Czech-Polish-Slovak Match

We check that for $n=3$ $$x^3-3x^2+2x+6=(x+1)(x^2-4x+6).$$ Suppose that for $n=4$ we have $$x^4-3x^3+2x^2+6=(x^2+ax+b)(x^2+cx+d).$$ Then, comparing the coefficients we obtain $$a+c=-3,ac+b+d=2,bd=6.$$ The first equation implies that $a$ and $c$ are of different parity and therefore, by the second equality, $b$ and $d$ are of the same parity. This contradicts the third equation. Hence we may assume that $n\ge 5$. Suppose that we have $$W(x)=P(x)Q(x),(1)$$ where $$P(x)=a_k{x}^k+a_{k-1}{x}^{k-1}+\cdots +a_{1}x+a_0,$$ $$Q(x)=b_{n-k}{x}^{n-k}+b_{n-k-1}{x}^{n-k-1}+\cdots +b_{1}x+b_0,$$ and $a_k=b_{n-k}=\pm 1$. With no loss of generality we may assume that $k\le \lfloor \frac{1}{2}n\rfloor <n-2$ (because $n\ge 5$).
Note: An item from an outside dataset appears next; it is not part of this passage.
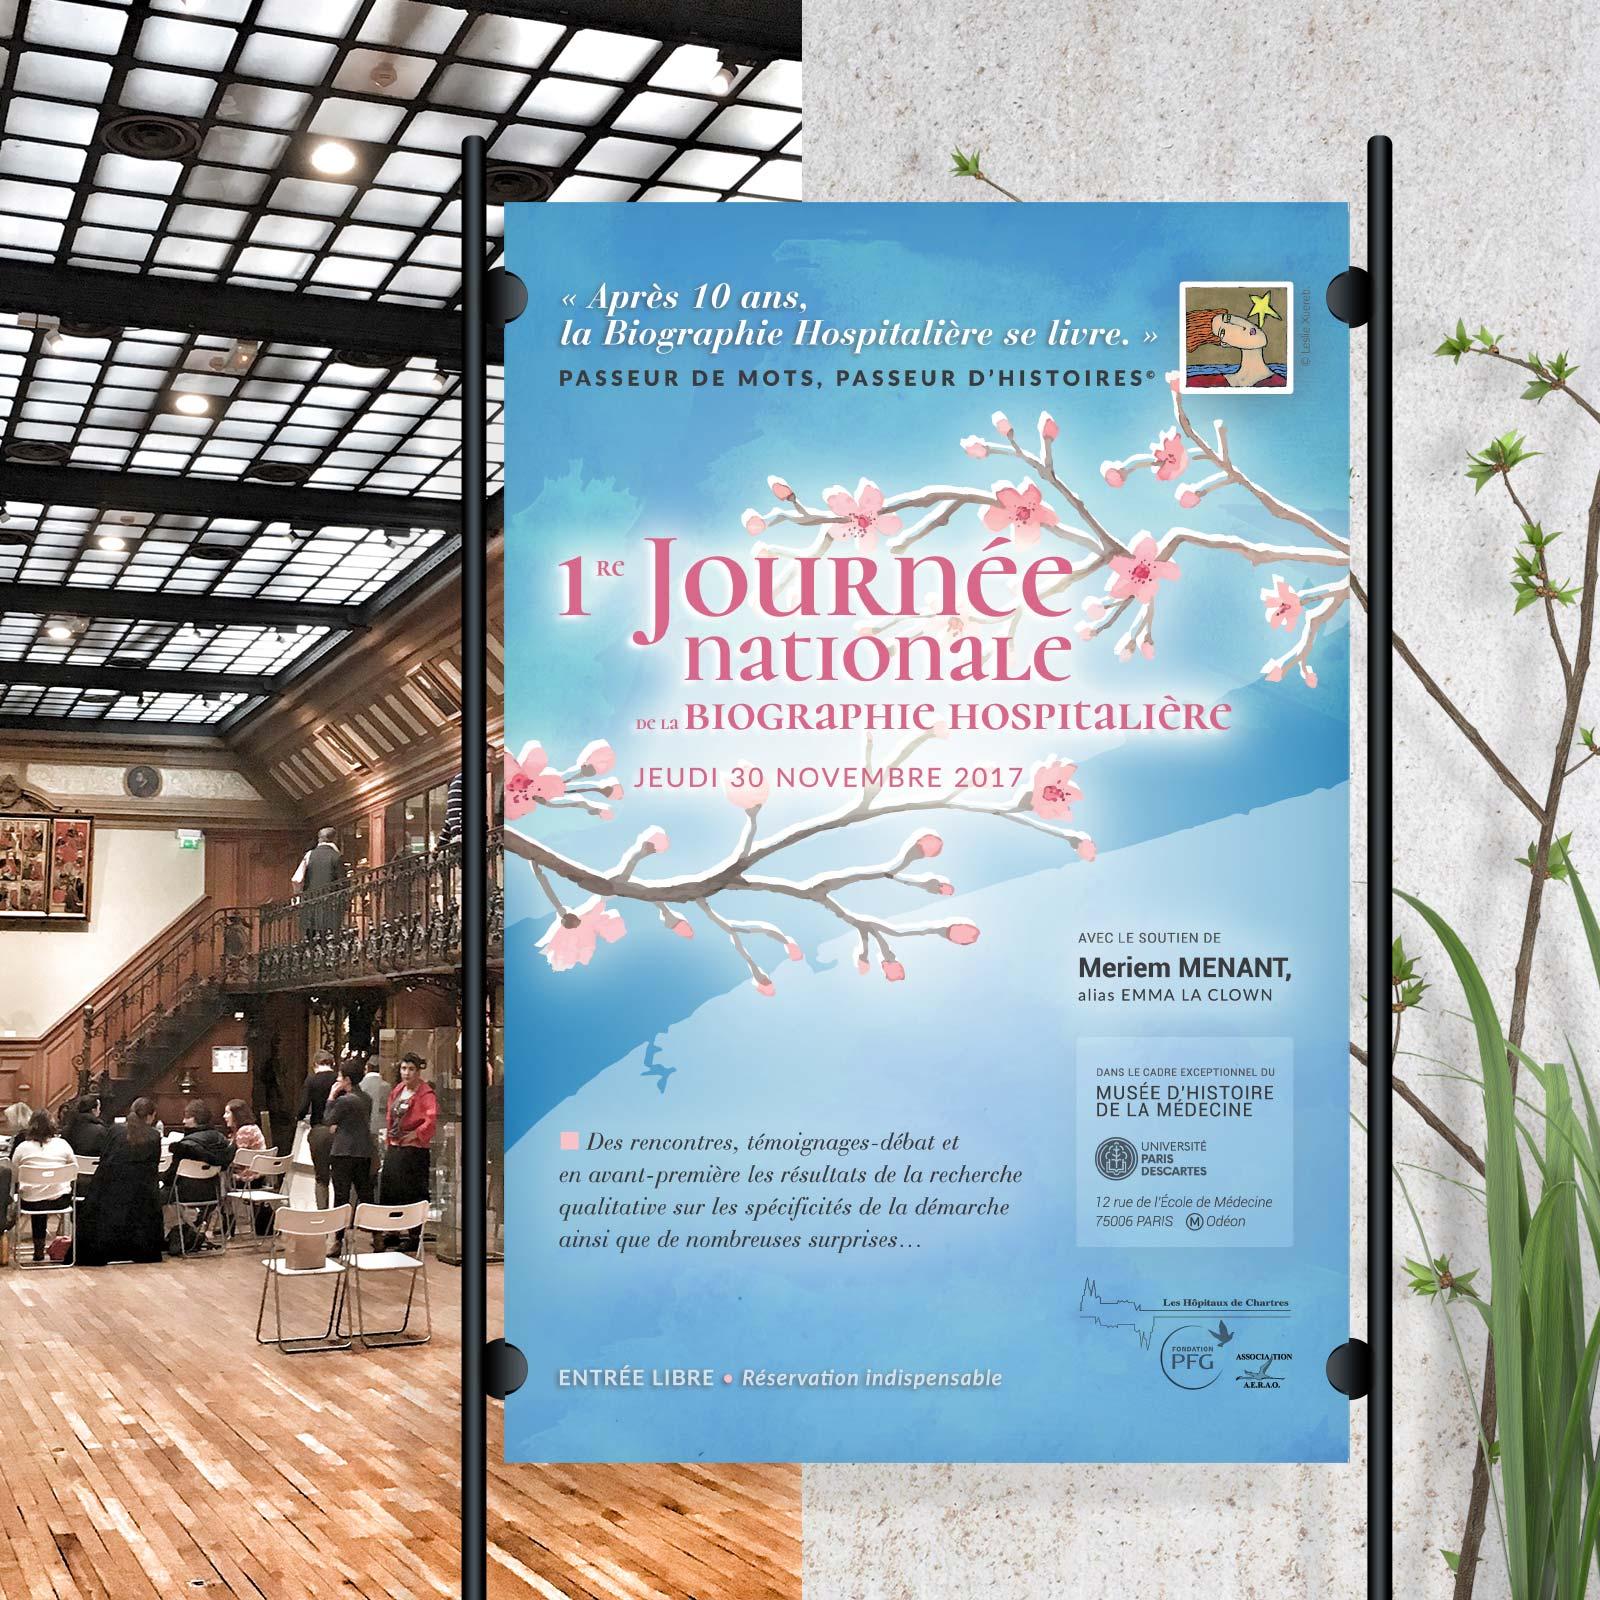 Journée nationale de la bio hospitalière - Documents évènementiels

Comparing the coefficients of both sides of (1) we obtain the following system of equations: $$\begin{array}{rl}{a}_0{b}_0& =6,\\ a_0{b}_1+a_1{b}_0& =0,\end{array}$$ $$a_0{b}_k+a_1{b}_{k-1}+\cdots +a_{k-1}{b}_1+a_k{b}_0=0.$$ Now we can easily prove by induction that $a_0$ divides $a_1,a_2,\dots ,a_k$. Indeed, having established this fact for $a_1,a_2,\dots ,a_l$ we write $$\begin{array}{rl}0& =a_0(a_0{b}_{l+1}+a_1{b}_l+\cdots +a_l{b}_1+a_{l+1}{b}_0)=\\ & =a_0^2{b}_{l+1}+a_0{a}_1{b}_l+\cdots +a_0{a}_l{b}_1+6a_{l+1},\end{array}$$ and hence $$6a_{l+1}=-(a_0^2{b}_{l+1}+a_0{a}_1{b}_l+\cdots +a_0{a}_l{b}_1).$$ We note that all the summands on the right hand side are divisible by $a_0^2$, therefore the left hand side also has this property. Hence $a_0\mid a_{l+1}$. But we have $a_k=\pm 1$; hence $a_0=\pm 1$ and with no loss of generality we may take $a_0=1$ and then we have $b_0=6$. Now if we repeat the above arguments for the coefficients of $Q$, then we see that $b_0=6$ divides $b_1,b_2,\dots ,b_{n-3}$ (we set, if necessary, $b_l=0$ if $l>n-k$). Then we obtain a contradiction ($b_{n-k}=\pm 1$), unless $n-k>n-3$. We consider two cases. The case of $k=2$. Then we arrive at $$a_0{b}_{n-k}+a_1{b}_{n-k-1}+\cdots +a_{n-k-1}{b}_1+a_{n-k}{b}_0=2,$$ a contradiction, because on the left hand side all the summands, except for the first one, are divisible by 6 and hence even, and the first summand is equal to $\pm 1$. The case of $k=1$. Then the problem reduces to finding an integer root of the polynomial $W$; it is easy to check that if $n$ is even there are no such roots; if $n$ is odd, $W(-1)=0$. Therefore the answer to the problem is: $n$ is odd.